My husband is going to be so surprised when he finds out the woman I’ve been sleeping with is way hotter than his girlfriend.
cop: *knocks on my car window*
me: sorry is the music too loud
cop: yes
me: *sets down bagpipes*
I want a boyfriend but I also want the pizza all to myself so you see my dilemma
I’m so sorry my pet rock attacked you. Its just he really hates arrogant douche bags. Thank god he only hit your face.
I respect the guy who drives his Blue BMW through the White Castle drive thru. It’s like he’s saying: “I’m better than you—but not by much.”
Yes hello 911, I put a smaller microwave inside a bigger microwave and now there’s a wormhole in my kitchen
If you thought going to the movies was expensive before, now you need a boat
Fun date idea: Put a fake diamond ring in your dessert and act like your date proposed. Men love that.
[after drug rehab]
Jon Arbuckle: Hey Garfield
Garfield: *normal cat noises*
sure I’ll interpret that dream for you, it’s about hydration, they’re all about hydration. why else would you be driving a bus full of chickens.
I like to remind my kids who’s boss by putting a cherry tomato on top of their ice cream sundaes every once in a while.

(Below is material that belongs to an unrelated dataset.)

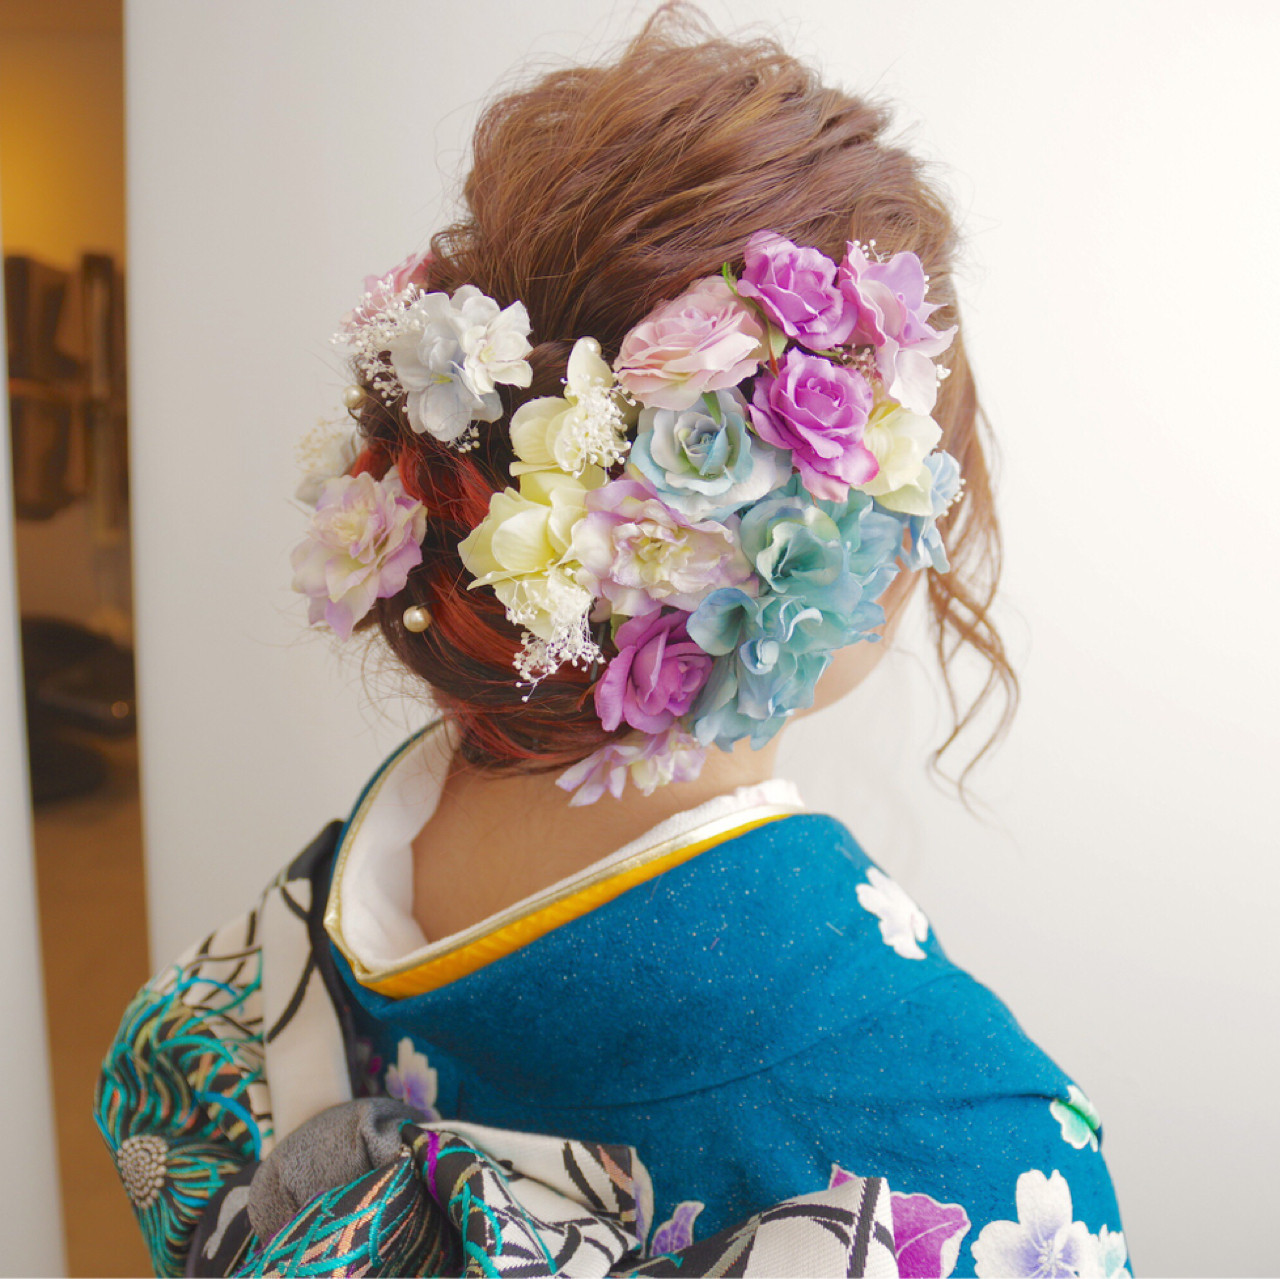 ヘアアレンジ ガーリー 振袖 セミロング ヘアスタイルや髪型の写真・画像 | 鳥越 ありさ / hair…nail  TLABeS

Dolphin son: dad, how did you know mom was the one
Dolphin dad: the first time I met her we just clicked
I ain’t cray-cray, I’m inappro-pro.
Me: Ping me when you are free.
Girl:Ok. *Starts working in 2 Shifts*
My mom has more confidence in discovering the truth about the JFK assassination than me finding another husband
I’m going to leave the presents out and hide my kids in the closet until Christmas.